Tuesday, October 11, 2016

Taika Waititi Builds His Reputation Some More with 'Hunt for the Wilderpeople'

Hunt for the Wilderpeople is a New Zealand comedy-drama directed and written by Taika Waititi, the same guy behind the brilliant vampire comedy What We Do in the Shadows.  This movie has become New Zealand’s highest grossing film of all time, and for good reason.

It tells the story of a problematic, rebellious city kid named Ricky (Julian Dennison) who is sent by child welfare services to live in the countryside with the loving Aunt Bella (Rima Te Wiata) and her grumpy husband, Uncle Hec (Sam Neill).  But just when Ricky is starting to warm up with his new foster family and environment, Aunt Bella unfortunately dies.  Afraid that child services will take him away and send him to “juvy”, he runs away to the bush with Uncle Hec in pursuit.  When the over-the-top child welfare officer Paula (Rachel House) arrives and finds the house empty, she comes to the overblown conclusion that Hec has abducted Ricky, inciting a sensational police and military manhunt.
This movie is not as hilarious as What We Do in the Shadows, but it has the same kind of winning off-beat humor.  This movie is sprinkled with amusing absurdity.  Though I didn’t laugh out loud, I smiled and chuckled a lot.
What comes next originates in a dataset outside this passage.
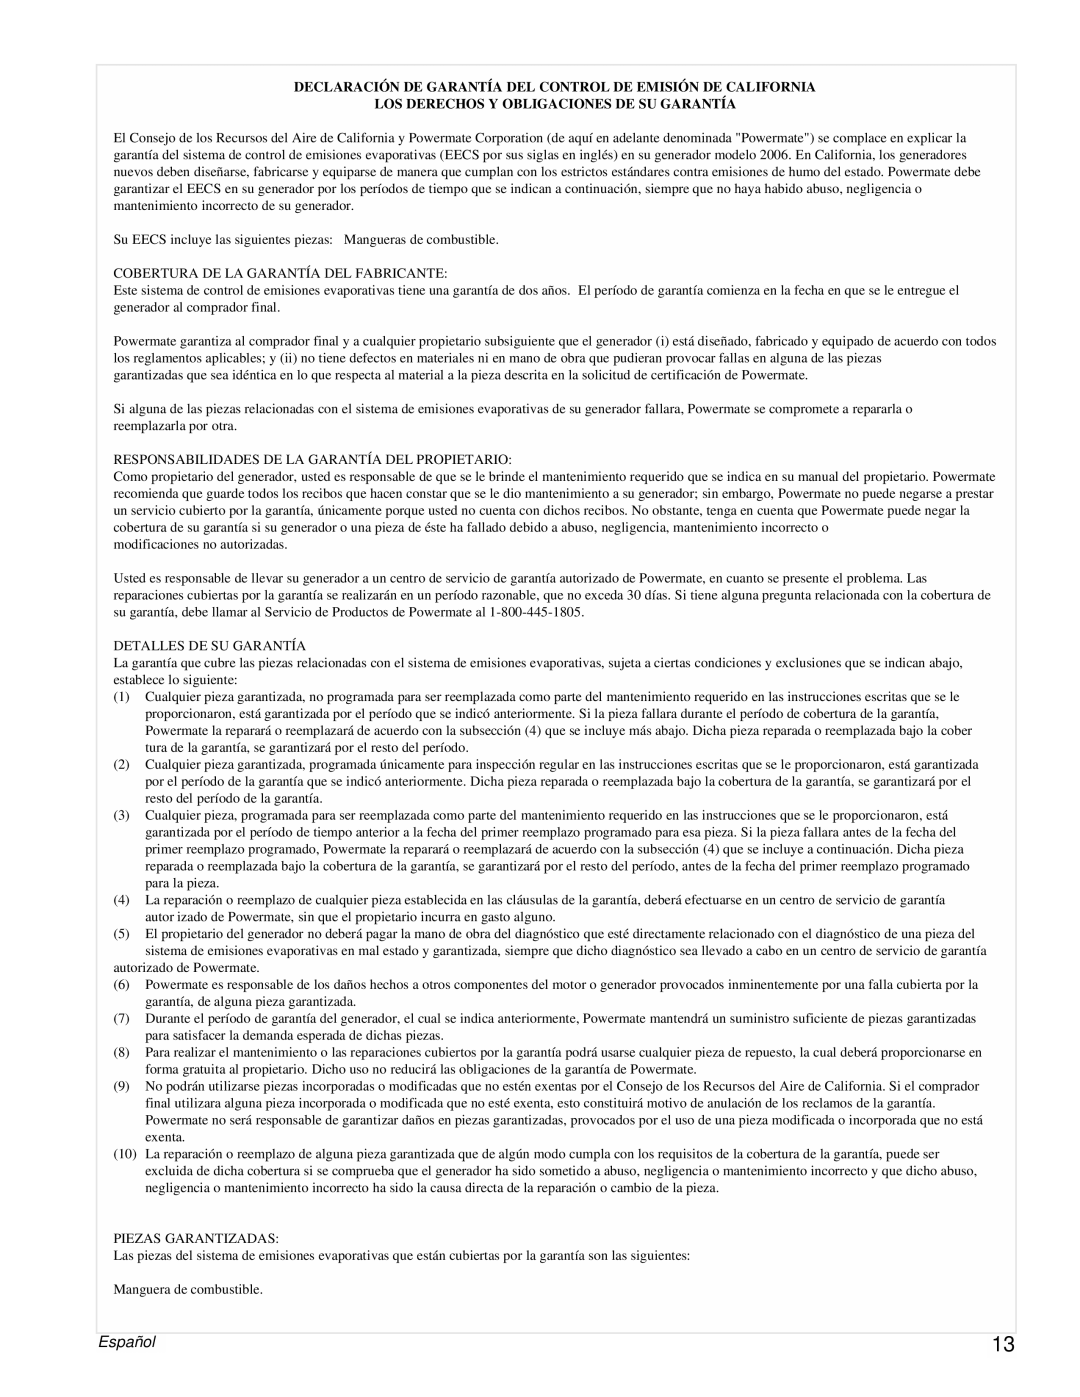 Powermate PMC496751 manual Español, Los Derechos Y Obligaciones De Su Garantía

The chemistry and the central drama between Ricky and Uncle Hec remind me a lot of Carl and Russell’s relationship in Up.  Yes, Hunt for the Wilderpeople has the same kind of heartwarming narrative as Up.  And I think that’s the best praise I can give this movie.

Hunt for the Wilderpeople is a well-crafted film.  The shots are attractive, the soundtrack is on point, and the pacing is perfect.  Most importantly, solid direction and acting effectively carry out its fresh, funny, and poignant script.  Thus, this movie has made me more intrigued of what heights Taika Waititi can still reach in his next works.  Particularly, Moana, the Disney animated film coming later this year which he wrote, and next year’s Thor: Ragnarok, which he directed.